An FDA-approved drug can reverse an ionic imbalance in neurons that leads to hyper-excitability in mice modeling an autism-related genetic disorder, according to a Northwestern Medicine study published in Molecular Psychiatry.
These findings suggest that the sensory hypersensitivity experienced by patients with Fragile X syndrome, a syndromic autism, may be caused by elevated intracellular chloride in neurons during early development, according to Anis Contractor, PhD, professor of Physiology and senior author of the study.
“Some children with Fragile X syndrome or autism have changes in sensory processing, similar to the mouse model,” Contractor said. “The mouse models give us a window into the human disorder. Although mouse brain development is not a completely faithful model of humans, there certainly are parallels.”
While most genetic mutations that cause autism are very rare — and most cases of autism spectrum disorder are not linked to a genetic cause — children with Fragile X syndrome have a well-defined mutation in a gene on the X chromosome, so Fragile X syndrome is used as a laboratory model for certain aspects of autism, including sensory hypersensitivity.
“A lot of patients don’t like loud sounds or don’t like to be touched,” Contractor said. “When I talk to parents of children with Fragile X, some tell me these sensory issues lead to many other problems, because the kids are withdrawn or socially isolated.”
Prior studies in Contractor’s lab established the role of intracellular chloride in certain symptoms of Fragile X syndrome: While it is important for neurotransmitter signaling, high chloride concentration in neural cells can also cause abnormal excitation, shifting the timing of important developmental critical periods.
These critical periods are phases of early brain development where essential neural circuitry is formed; shifting them earlier or later affects how the brain is wired, as can be seen in the sensory cortex of mouse models. In normal mice, activity in a single whisker activates a single cluster of cells, relaying information about the force and direction in which the whisker was moved.
However, in mice with Fragile X syndrome, activity from a single whisker activates multiple clusters of cells, creating hyper-excitability.
“The activity bleeds to other clusters of cells, activating more cells than it normally would,” he said.

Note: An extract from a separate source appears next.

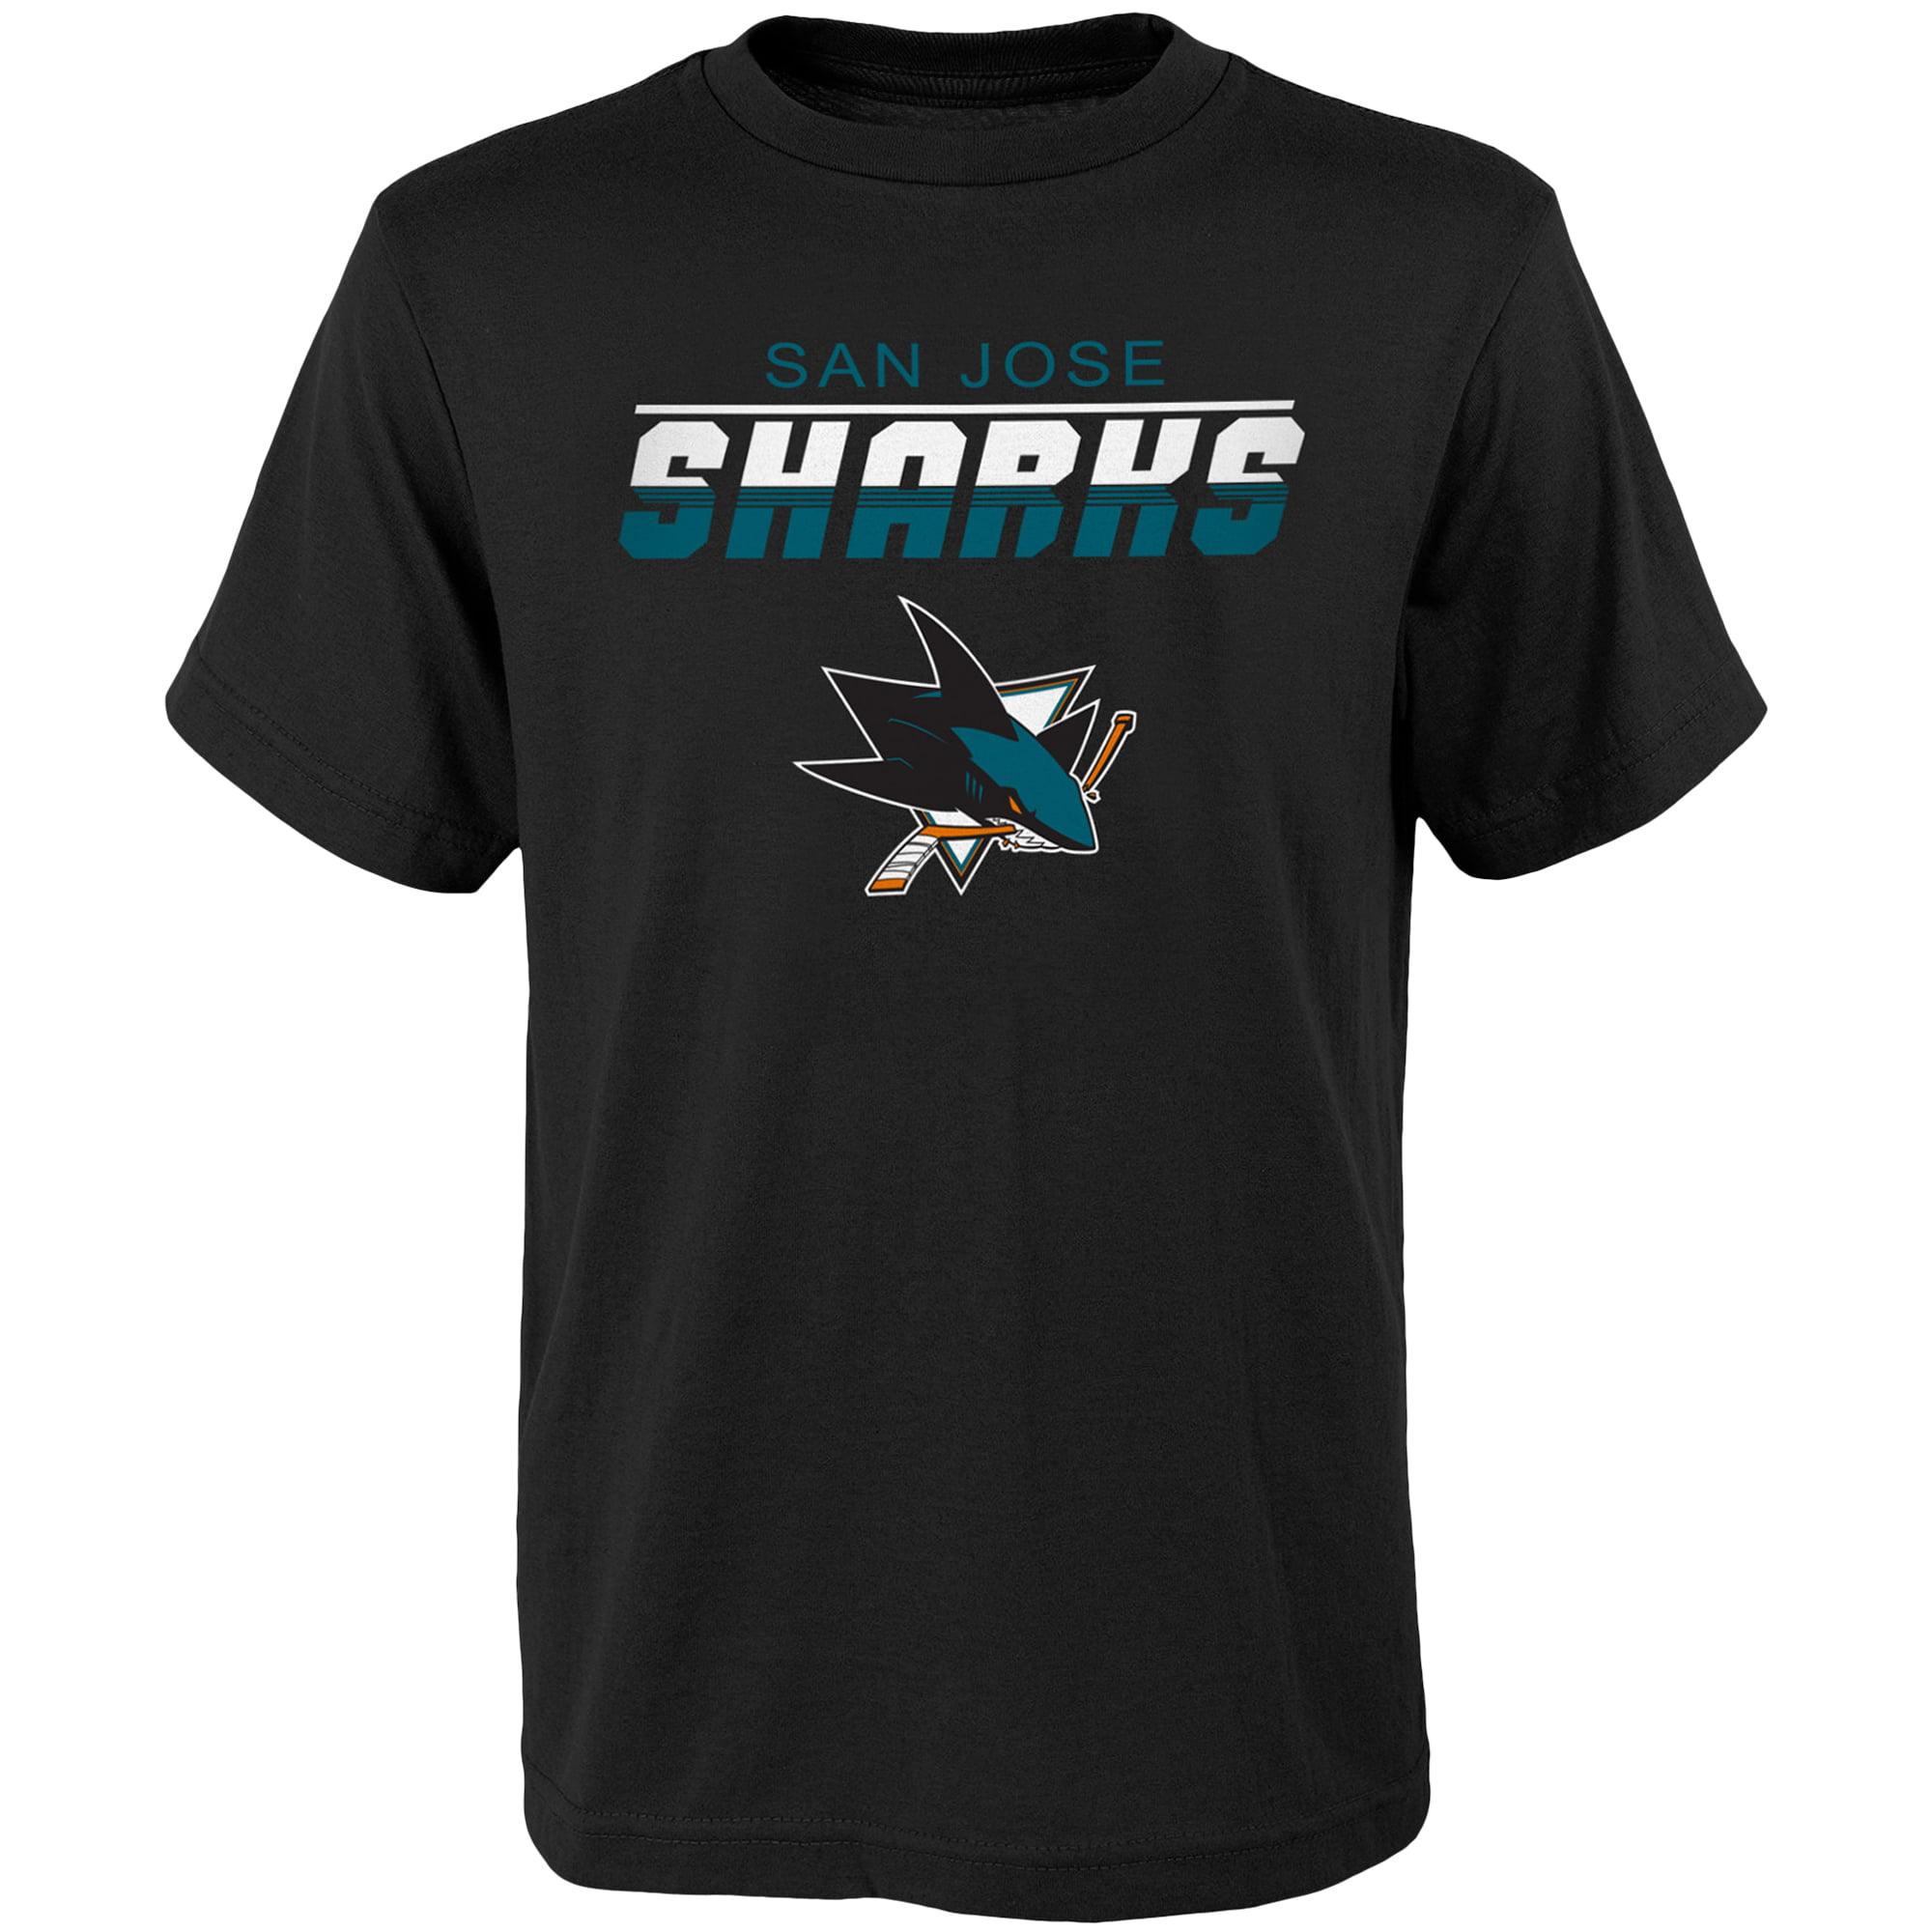 Youth Black San Jose Sharks Team Logo T-Shirt

To investigate if this hyper-excitability could be reversed, Contractor and his colleagues treated mice for two weeks after birth with bumetanide, a drug originally used for hypertension.
“It’s actually not used very much anymore, because there are better drugs on the market now. But in addition to its effect on blood pressure it can affect neuronal chloride transporters and the influx of chloride into the cell,” Contractor said.

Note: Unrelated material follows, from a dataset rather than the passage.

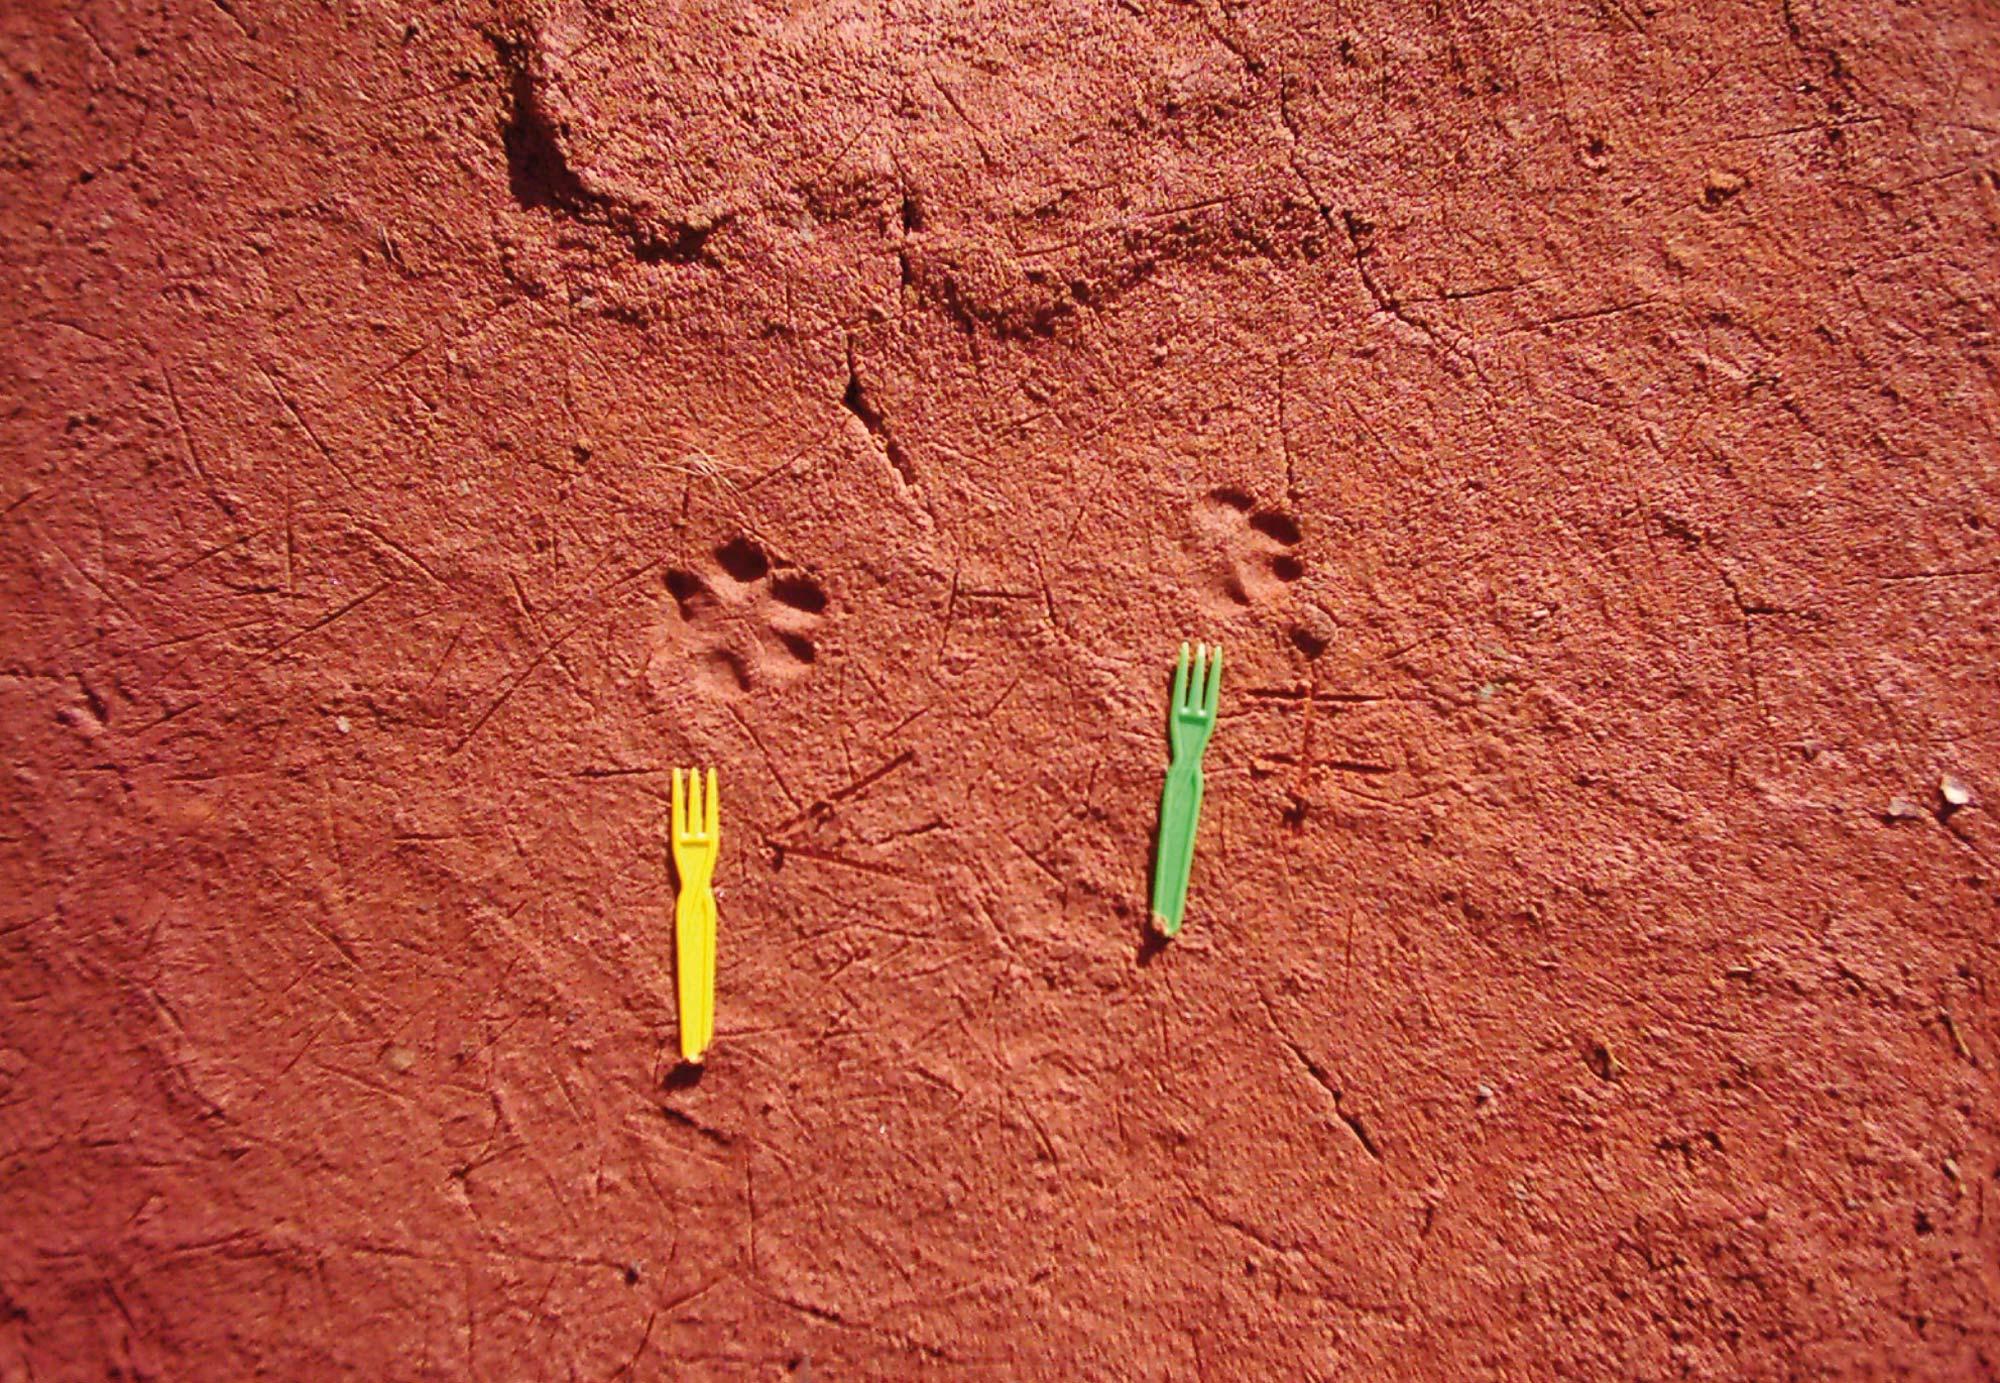 Frittengabeln können helfen, den Abstand von Trittsiegeln klar zu erkennen © Archiv Uwe Belz

In mice with the Fragile X mutation, Contractor found it returned the concentration of intracellular chloride back to normal in neurons, shifting the critical periods back to their correct timing and leading to more typical synapse development.
“We found that if we gave this drug early in development, it not only corrected the development of synapses during the early critical period, it also corrected the sensory problems we saw in adult mice,” Contractor said. “It is possible that correcting chloride or correcting neurotransmitter signaling in humans could also have the same effect.”
In fact, a high concentration of intracellular chloride could be associated with a variety of developmental disorders, not just Fragile X syndrome and autism, according to Contractor.
“We think it actually might be a more general mechanism, it’s been shown to play a role in Down syndrome and childhood epilepsies as well,” Contractor said. “People are interested in this chloride mechanism in a whole host of neurodevelopmental disorders.”
Contractor is also a professor in the Department of Neurobiology in the Weinberg College of Arts and Sciences. Qionger He, PhD, a former postdoctoral fellow in Contractor’s laboratory, was first author of the study. Feinberg co-authors include Jeffrey Savas, PhD, assistant professor in the Ken & Ruth Davee Department of Neurology and of Medicine and Pharmacology, Sam Smukowski, staff member in the Savas Laboratory and Jian Xu, PhD, research assistant professor of Physiology.
The authors also collaborated with Carlos Portera-Cailliau, MD, PhD, associate professor of Neurology at the University of Southern California-Los Angeles, and other members of his research group.